» Provided material
..........
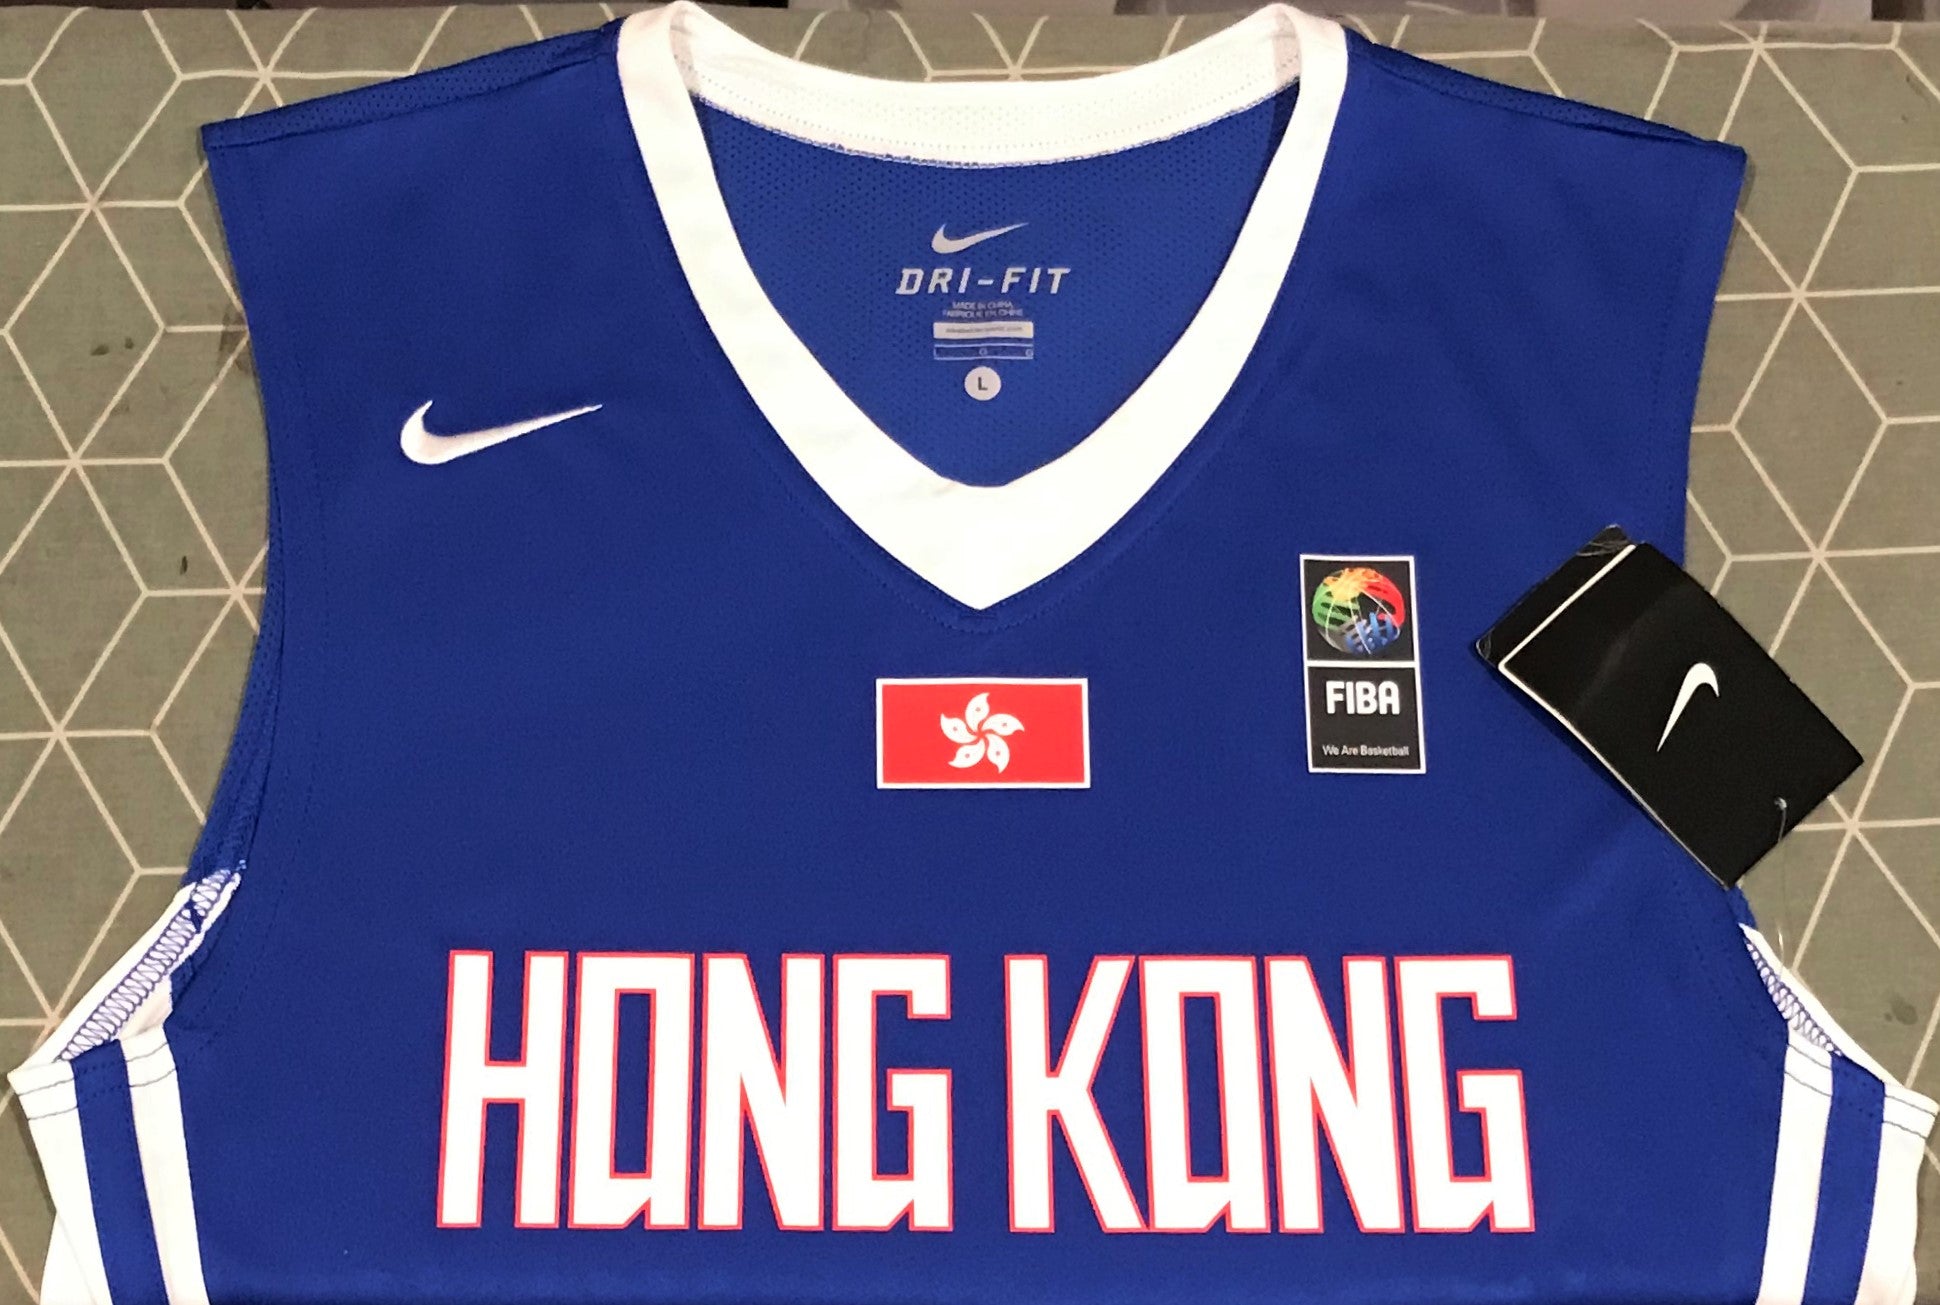 Hong Kong National Basketball Team 2017-19 Home Jersey/Shirt
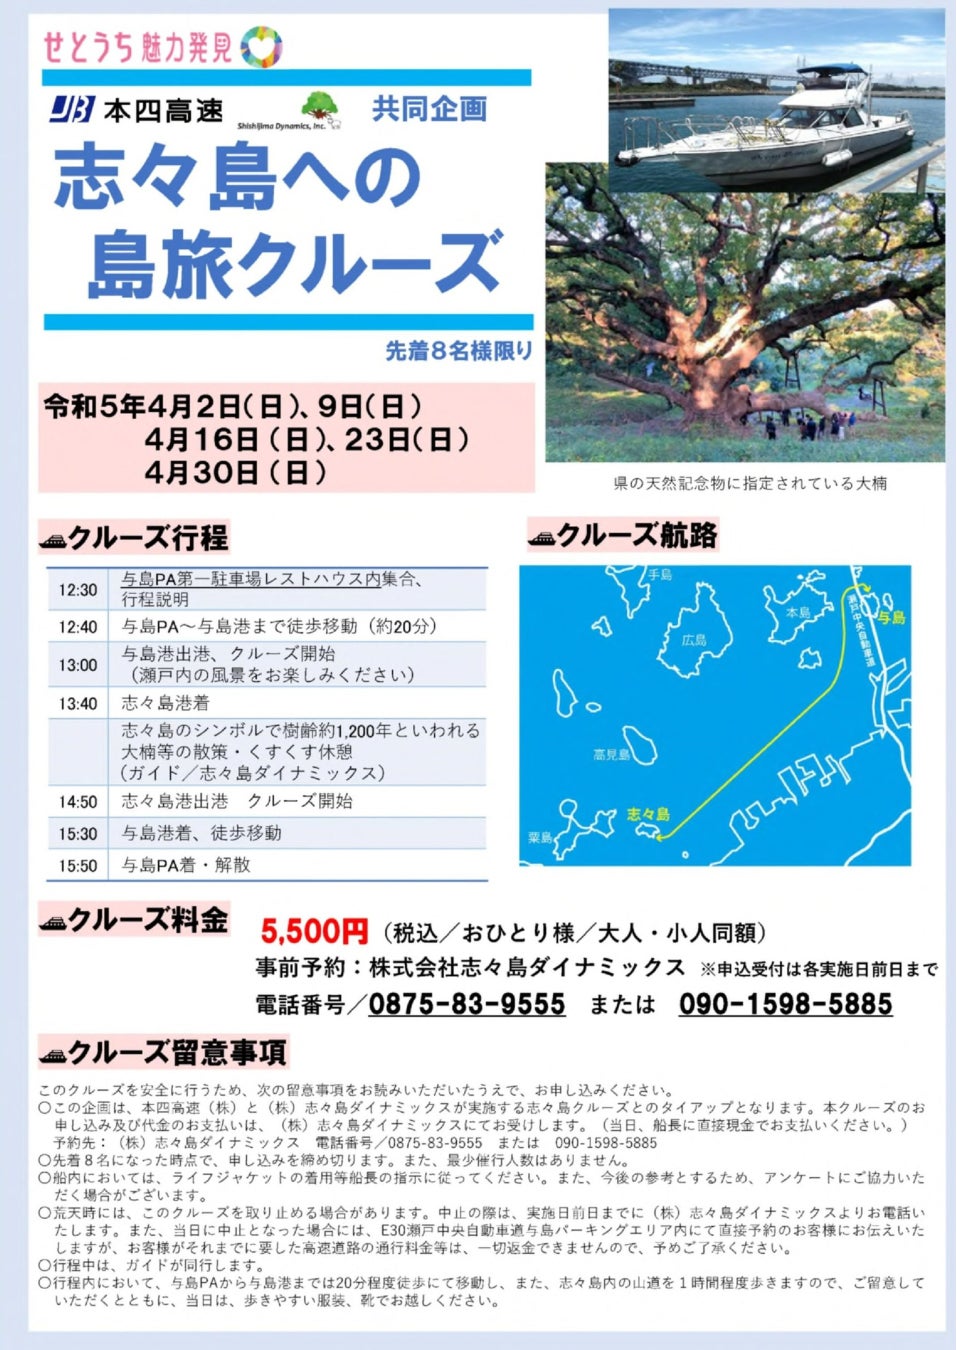 淡路島うずしおクルーズ特別便「SUNSET CRUISE」　
4月～5月、6日間の限定開催
..........
» Brief
The reply should contain every line of the material exactly, and no images.

» Your response
 Hong Kong National Basketball Team 2017-19 Home Jersey/Shirt
 淡路島うずしおクルーズ特別便「SUNSET CRUISE」　
4月～5月、6日間の限定開催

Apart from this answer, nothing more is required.